MÉTODO ANTICONCEPTIVO
Pero más allá de
la higiene corporal, el bidé tenía otra
función igual de importante: la de método anticonceptivo, que si bien de eficacia dudosa, era lo
máximo que se podía esperar. Este habría podido ser, incluso, su uso original:
las prostitutas usaban recipientes parecidos para limpiarse después de tener
relaciones, esperando evitar embarazos y enfermedades venéreas.
A pesar de este
posible origen humilde, durante el siglo XVIII el bidé se popularizó entre
las nobles, primero en Francia y en Italia y más adelante en
otros países del sur de Europa. Para las mujeres que tenían una relación
extramatrimonial (estuvieran casadas o no), era un modo de limitar el riesgo de
quedar embarazadas de sus amantes; y para las casadas, una manera de evitar
contagios a causa de las aventuras de sus maridos. Su uso anticonceptivo no era
ningún secreto: a la reina de Nápoles María Carolina de Habsburgo-Lorena, que
quiso instalar uno en su palacio de Caserta, le hicieron notar que eso podía
darle mala fama ya que se trataba de un “instrumento de meretriz”, advertencia que
ella ignoró.
Esta pieza del
Museo Histórico Regional Carmen de Patagones, Argentina, muestra como era un
bidé abierto en el siglo XIX.
Foto: CC
UN ÉXITO DISCUTIBLE
El éxito del bidé
en realidad duró menos de dos siglos, ya que su difusión entre la mayoría de la población fue casi a
la par con la ducha, que suplía mejor su función higiénica. Solo en la segunda mitad del siglo XIX
empezó a haber instalaciones para agua corriente en las casas, y no se
generalizarían hasta el XX. Para entonces, el uso del bidé había estado tan
restringido que la mayoría de la población simplemente no le veía la utilidad
-a pesar de lo cual algunos países, como Italia o Portugal, hicieron
obligatoria su instalación en los baños-.
Pero a lo largo de
su relativamente breve historia el
bidé fue a menudo objeto de polémica, precisamente por su uso anticonceptivo.

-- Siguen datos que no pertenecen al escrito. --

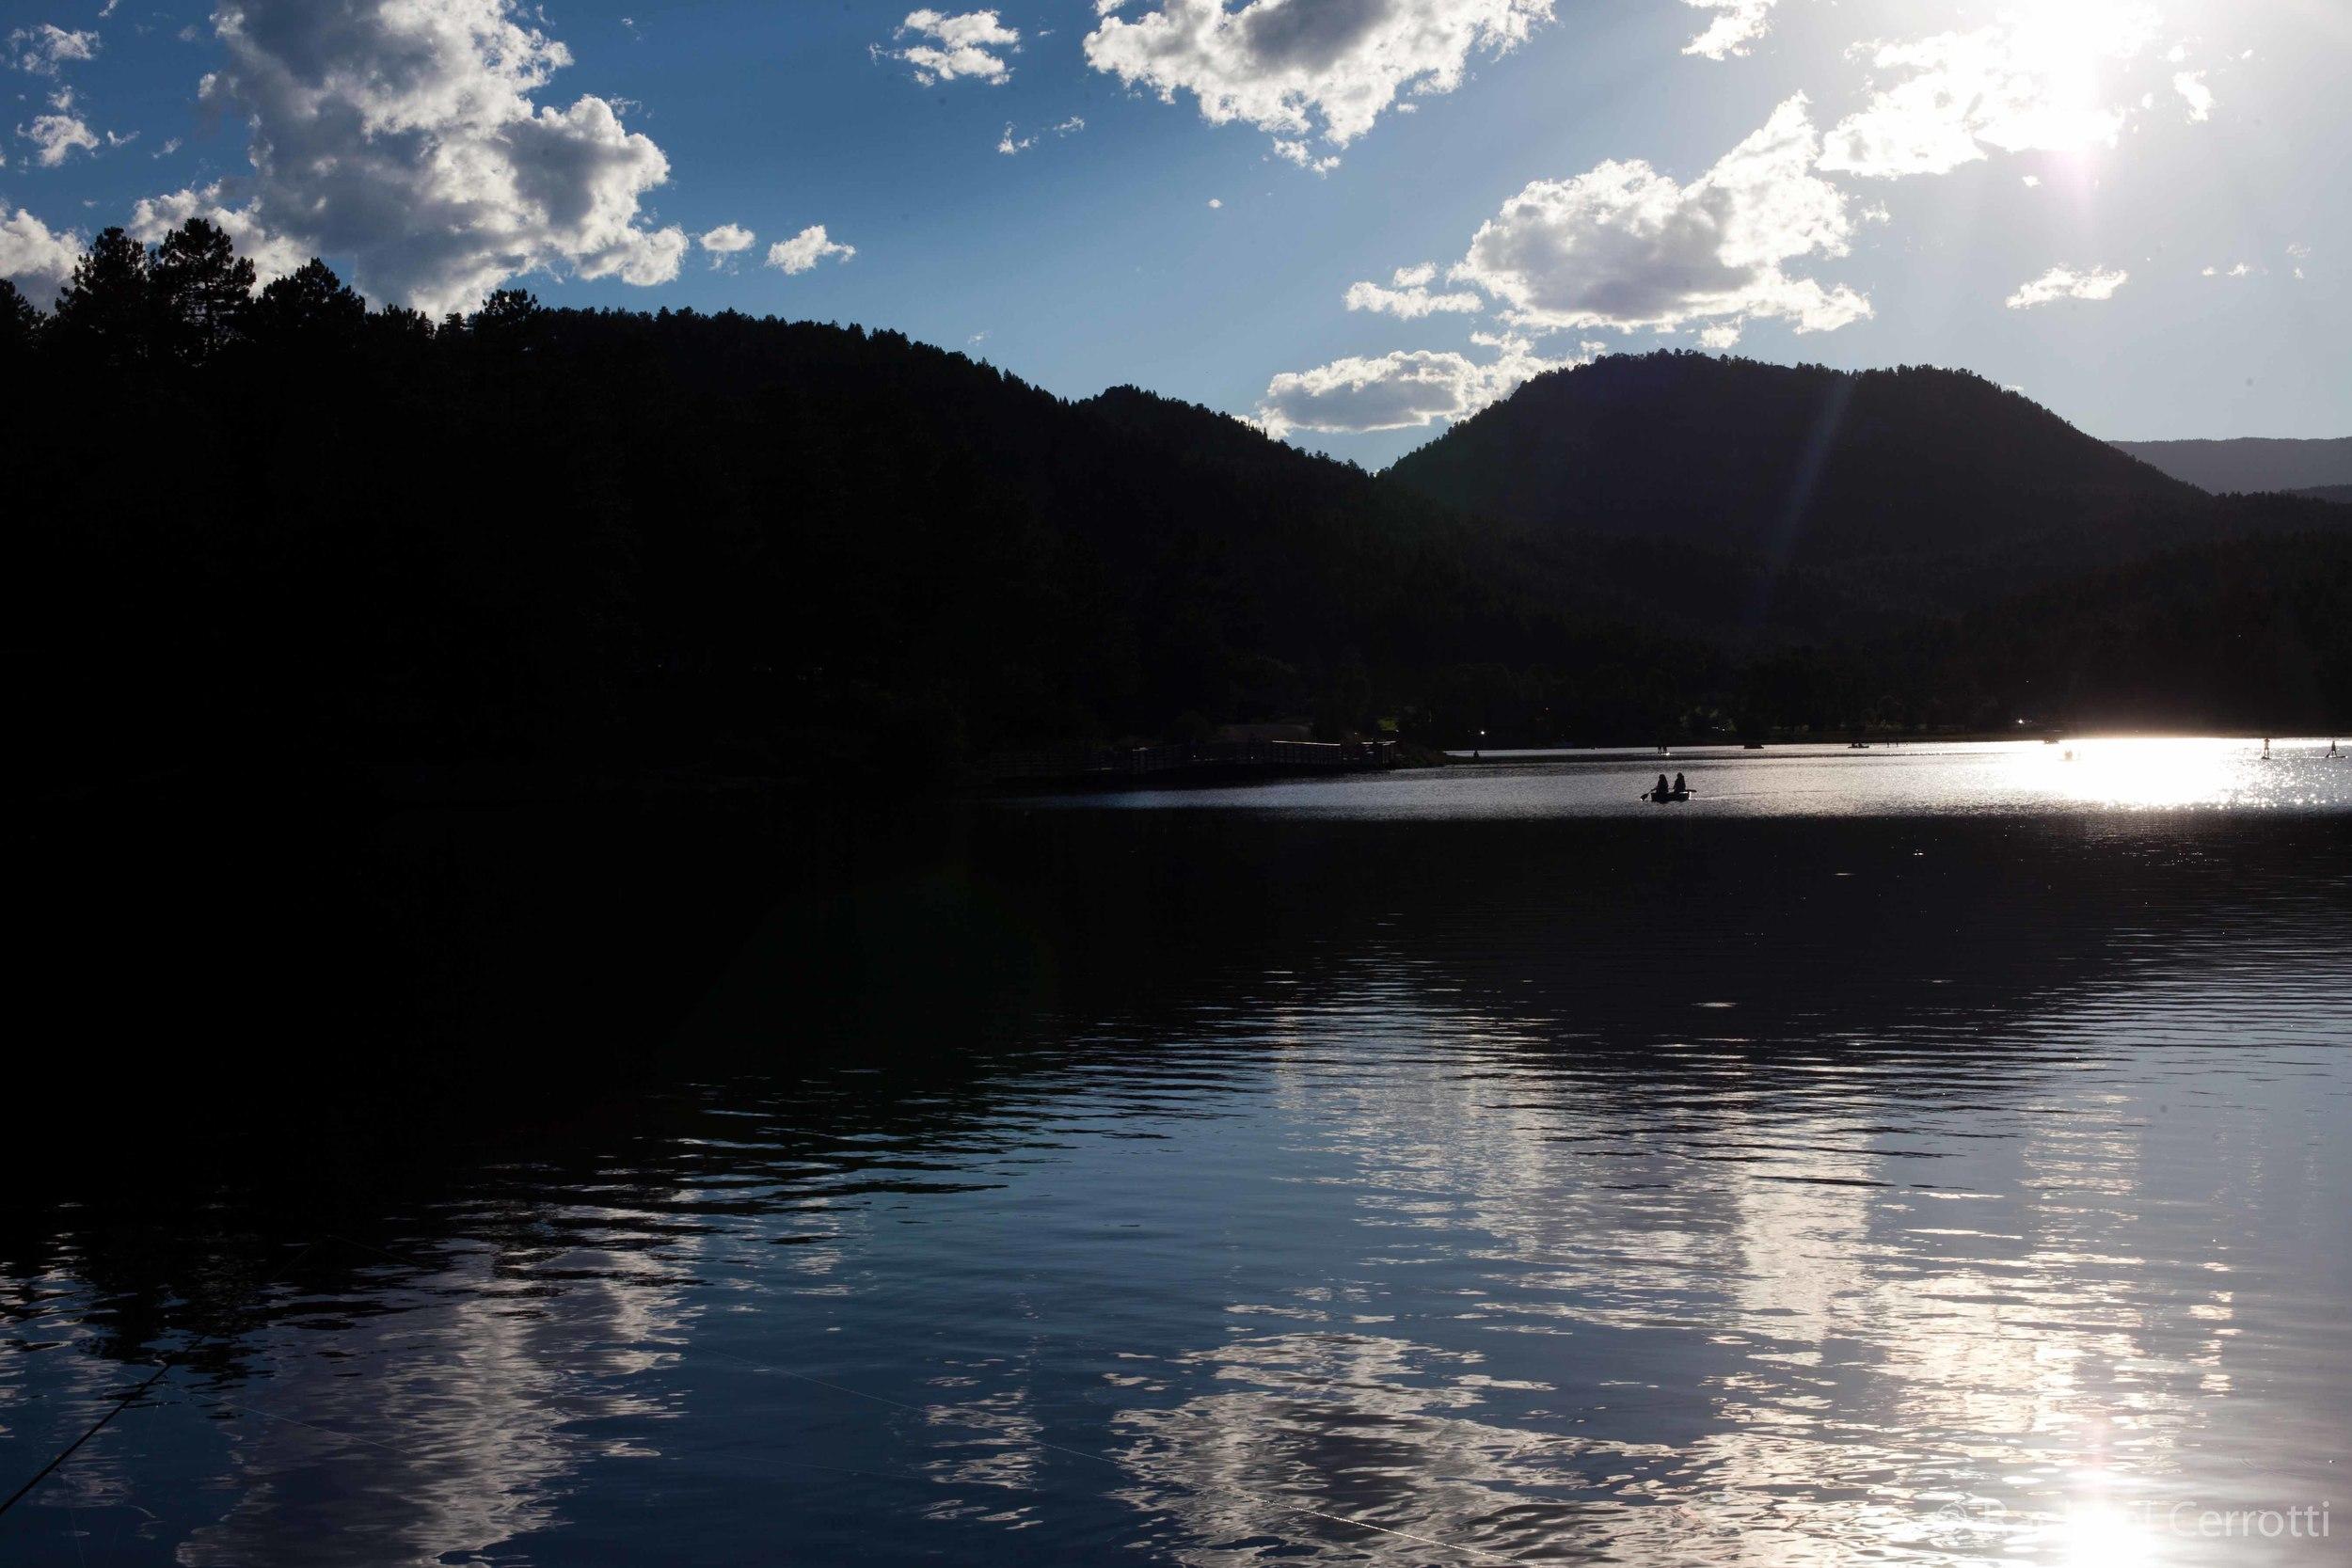 The Evergreen Reservoir in the evening light.

Su presencia parecía sugerir una vida
lujuriosa por parte de sus propietarias, como le señalaron a la reina de
Nápoles, y en los burdeles era el único mueble del que disponían las
prostitutas además de la cama. La Iglesia criticaba ferozmente su uso,
sugiriendo incluso que se usaba para practicar abortos.
Otros le dieron
usos más inventivos: haciendo honor al origen del nombre -los caballos bidet-, Napoleón lo usaba para aliviar el escozor en las posaderas y
los muslos después de cabalgar. Lo valoraba
tanto que incluso le dejó en herencia a su hijo su preciado bidé rojo, lo que
dio una enorme publicidad al utensilio y aumentó inmediatamente su popularidad
entre la nobleza francesa.
Aunque hoy se
encuentre en creciente desuso, este instrumento de baño ha tenido una
importancia crucial en la historia europea: sin él tal vez habrían nacido otros
herederos entre los grandes linajes, algunas traiciones habrían sido
descubiertas, y la higiene y salud de las clases dirigentes habrían sido más
deplorables. Independientemente de que nos parezca más o menos útil, nunca
sabremos cómo habría sido la Europa moderna sin el bidé.